Authorization group in SAP is a client’s specific key created in a master record or in the customizing settings of the Funds Management and can be specified in a certain authorization objects in Fund Management while defining authorizations. It simplifies the grounding of an authorization concept in funds management by assembling as one the authorizations meant for a master record. Authorization group agree to extended authorization protection for a particular object and are defined directly in the relevant master records or customizing settings. They occur in authorization object together with an activity.
Creating an Authorization Group
TOBJ is the table that contains all the authorization objects while TACT is the table that includes all the activities and TBRG is the table that contains the definitions of the entire authorization group. It also contains all authorization group and provides information about the familiarity flanked by authorization group and the authorization object. Also note that, TBRGT is the table that defines all the description of the authorization group and BRGRU a field name for an authorization group and is used to create supplementary restrictions on authorizations.
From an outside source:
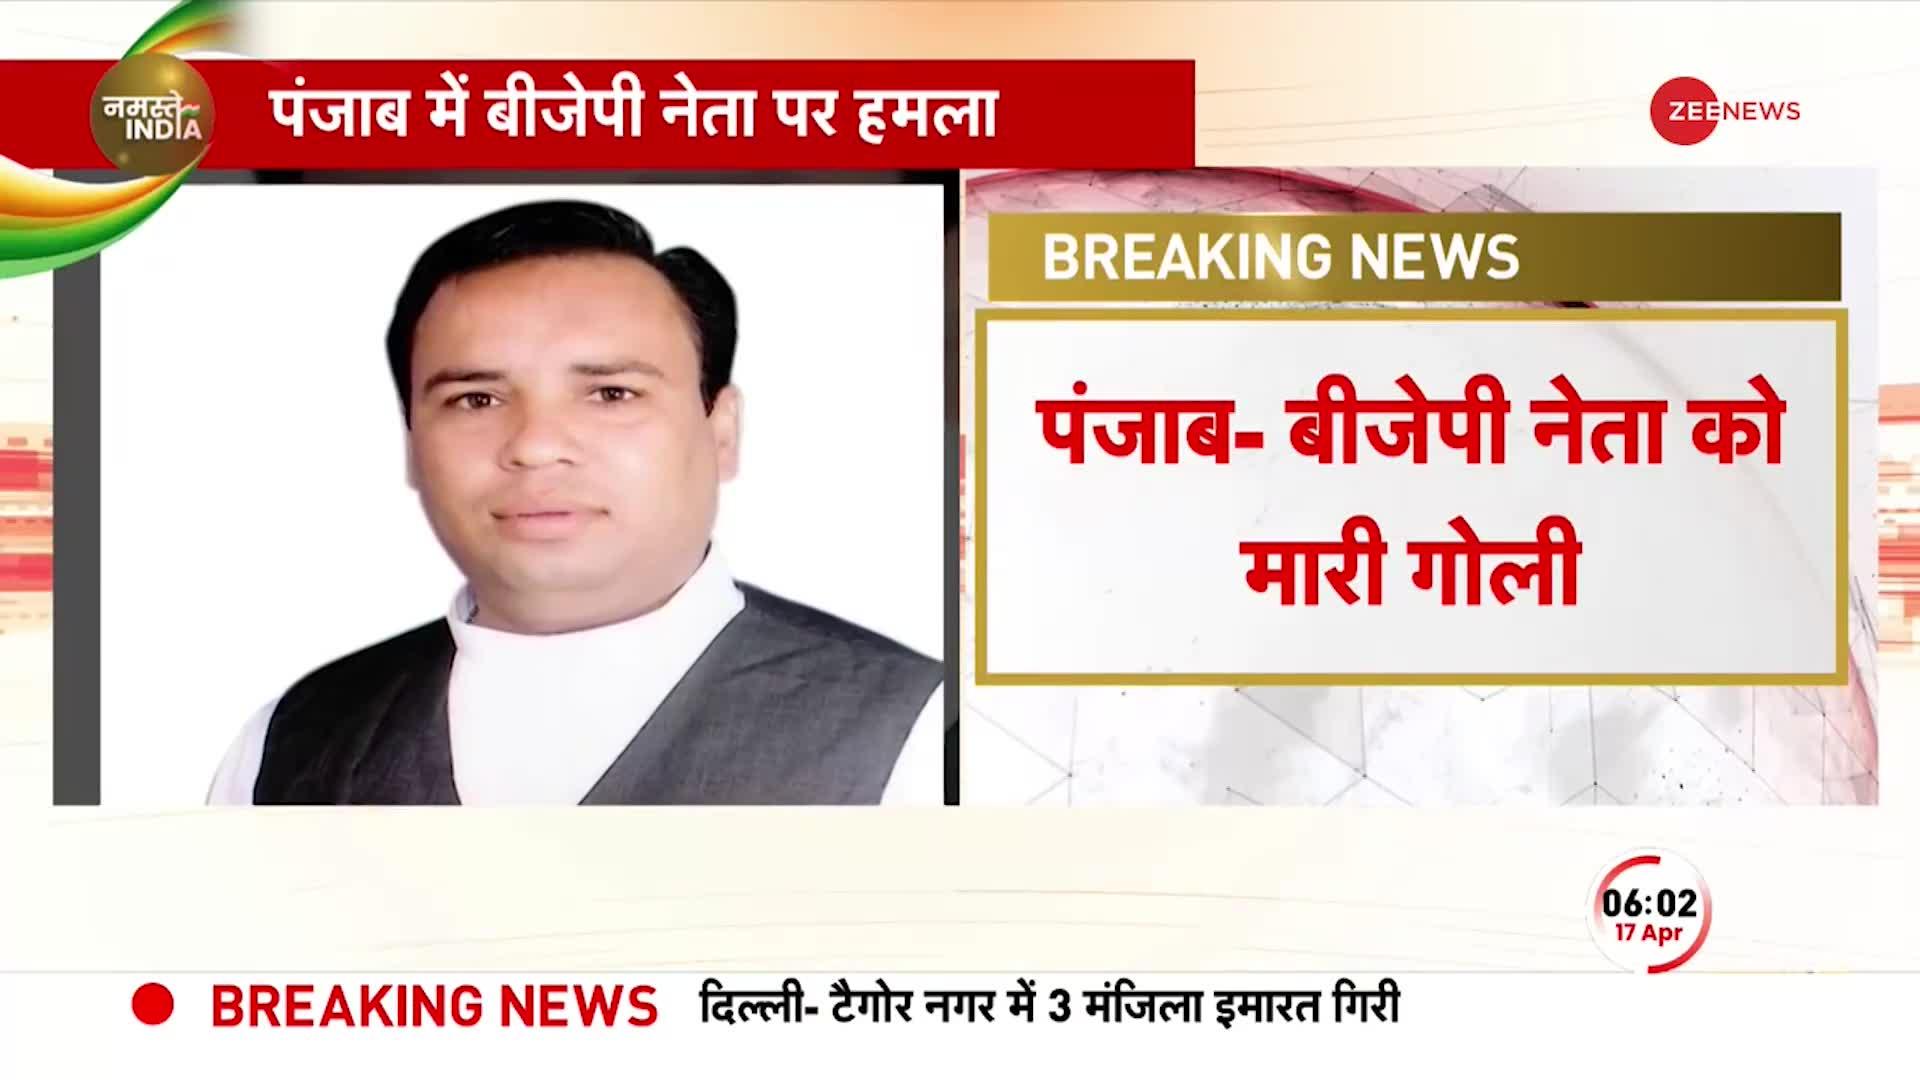 BREAKING NEWS: Punjab के Jandiala में BJP नेता Balwinder Gill के घर में घुसकर मारी गोली, हालत गंभीर
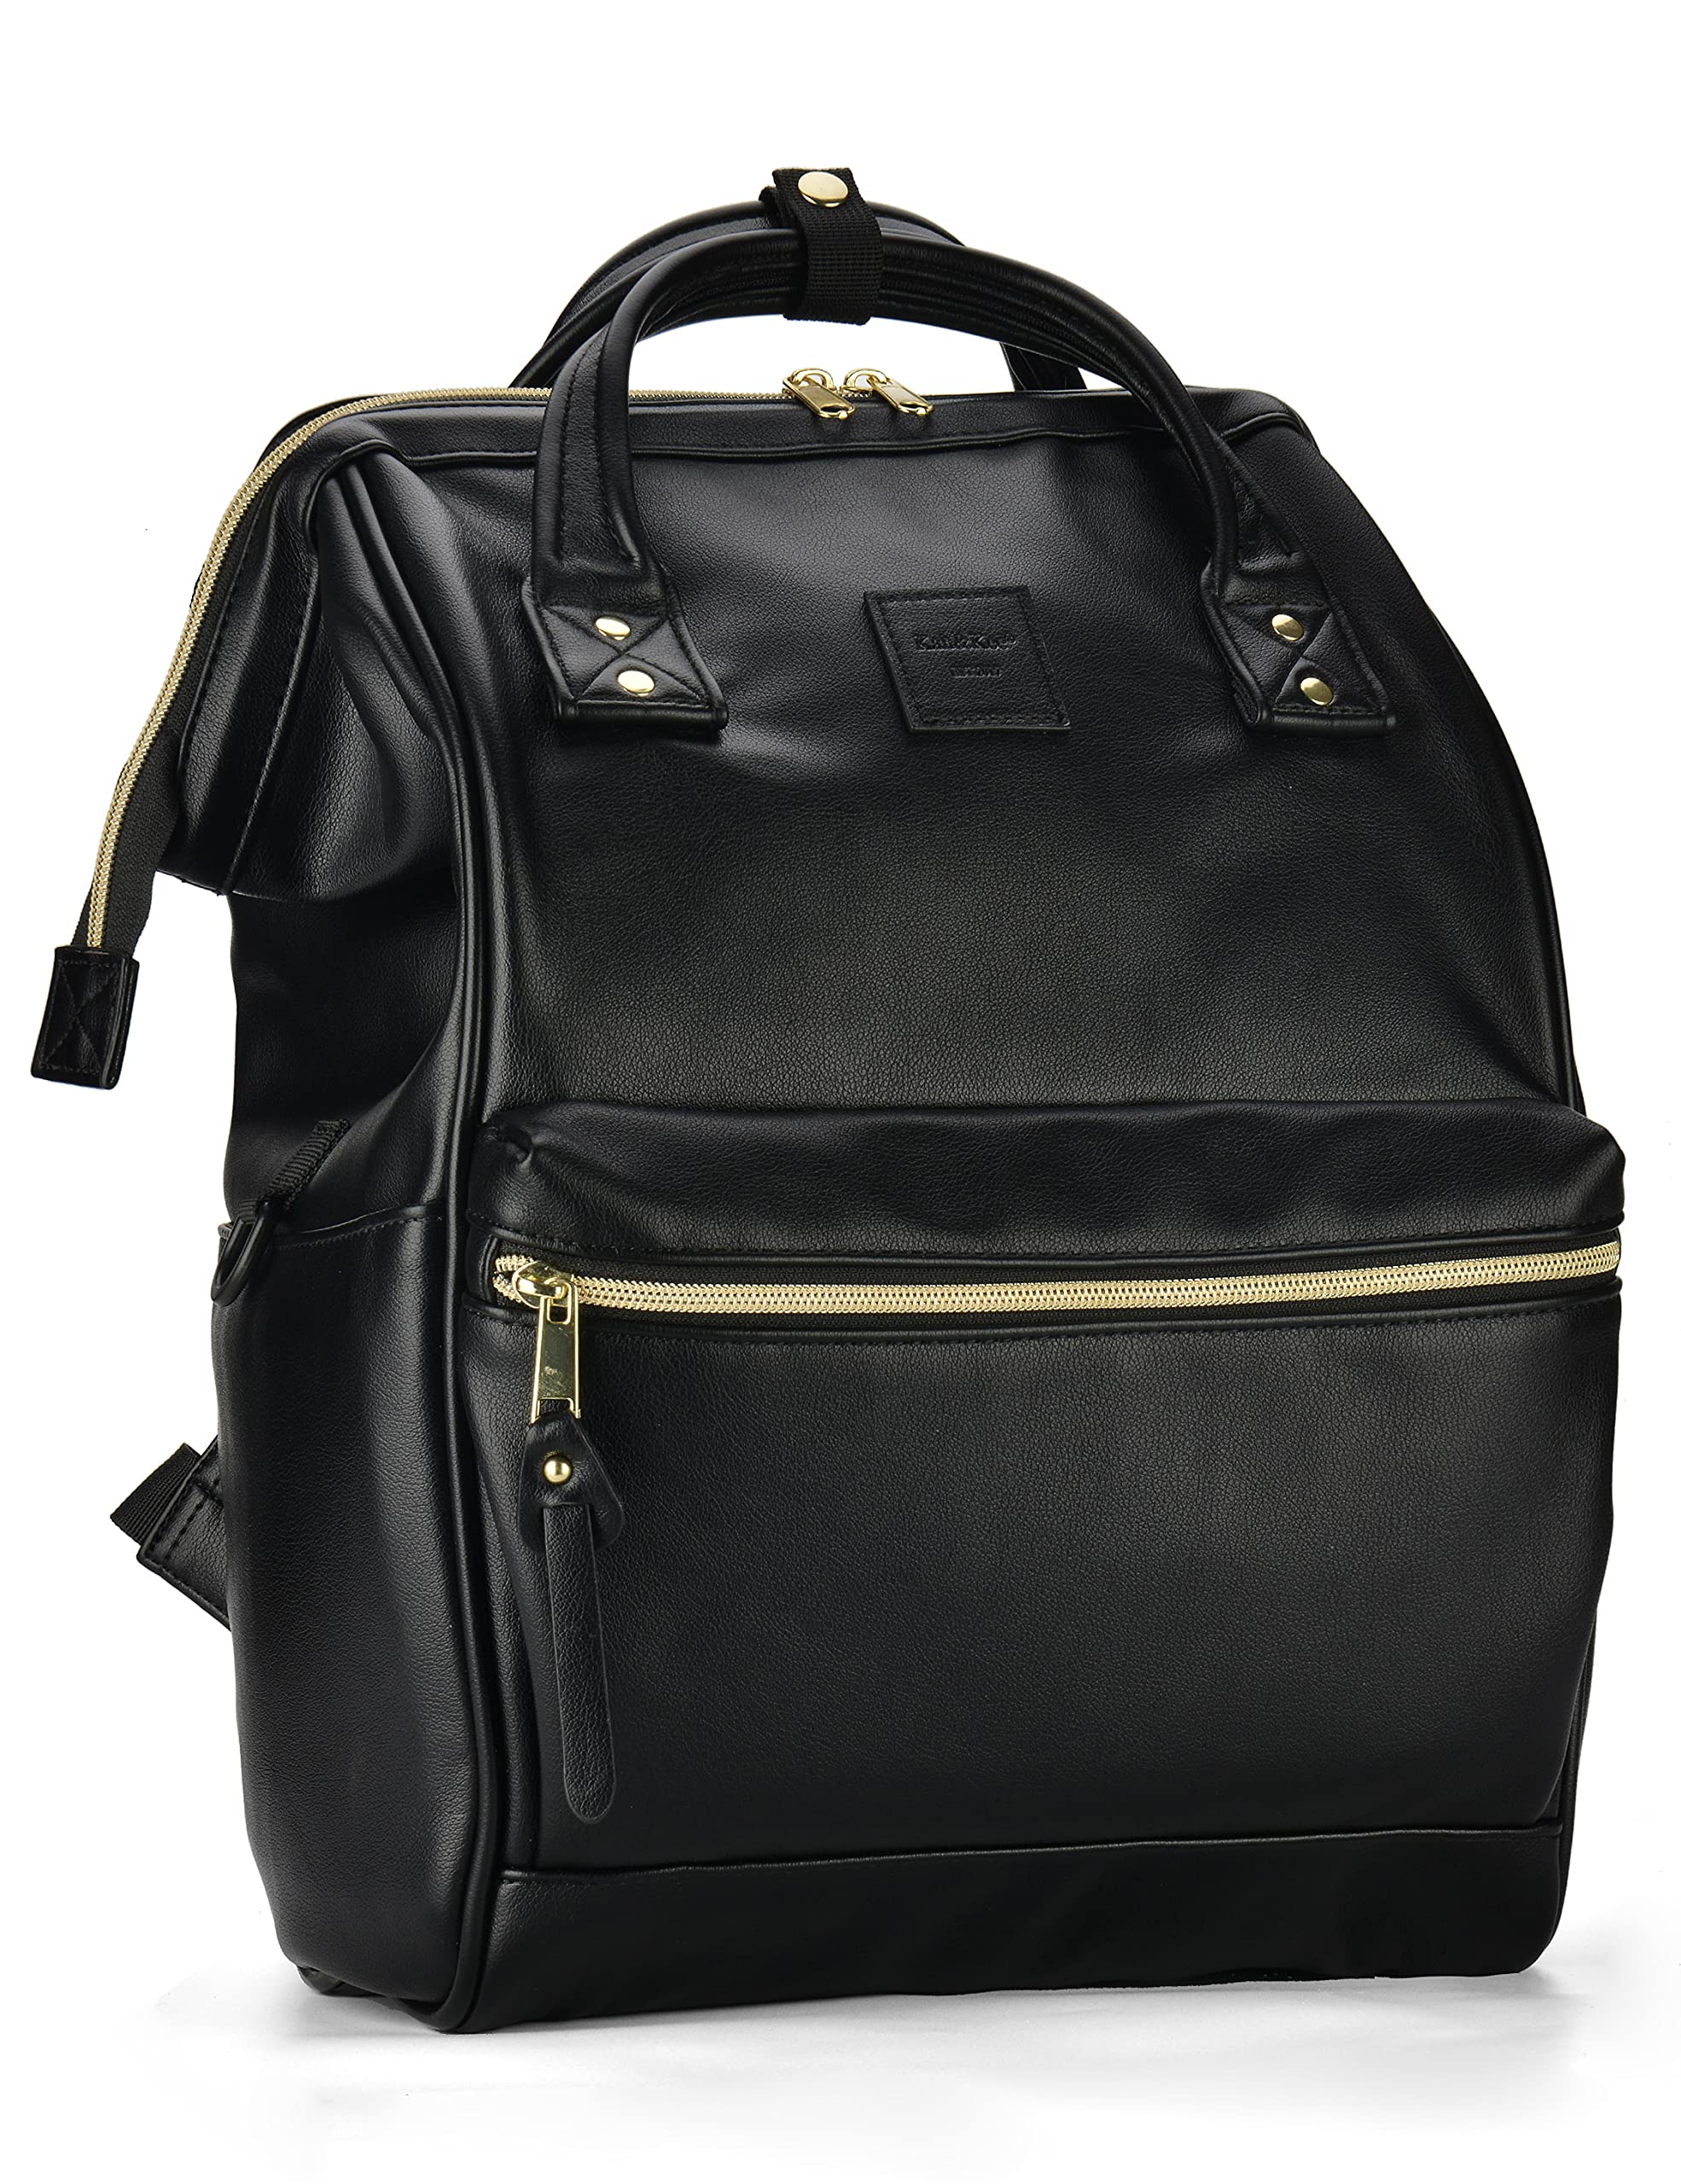 送料無料KahKee Leather Backpack Diaper Bag Laptop Travel Doctor Teacher Bag For Women Man Black II並行輸入品

On the other hand, there are fields that must be checked to authenticate user authorizations. The group is one of the two authorization fields. In authorization object, the object S_TABU_DIS in object class BC_A is used for maintaining tables. It also controls access using the standard table maintenance tool.
S_TABU_DIS is an authorization object that has the DICBERCL fields which is an authorization group with maximum field length of four characters and ACTVT field used to display the table content. One can define authorization group under basic data in the master record of commitment items, fund centers and funds and also for the Fund Management account assignments in the authorization object S_TABU_DIS.
In general, SAP standard tables are assigned to authorization group and at the same time these assignments can be changed. You are able to assign tables manually to an appropriate authorization group. When doing this, first start Transaction SM30 for the maintenance view V_DDAT then create an entry used for each of these tables. In V_DDAT and store the assignment of tables used to view authorization group in sap. It is also a cross-client, for that reason it can be used and viewed in all clients.
When creating an authorization group, you will rely on the requirement; In other cases, for table authorization, the groups must be available in a custom table before they are used. At times, authorization group are merely created when they are assigned to the object in a standard maintenance transaction like the vendor master data, customer master data, material master data and many more.
What should be noted about this creation is that if you do not make a selection, all tables that are maintained in customized transaction are assigned to authorization group.
Authorization group in sap are for all intents and purposes labels that you assign to objects like tables, programs, master data and such like objects, but they permit authorization checks for right of entry to the object with the label.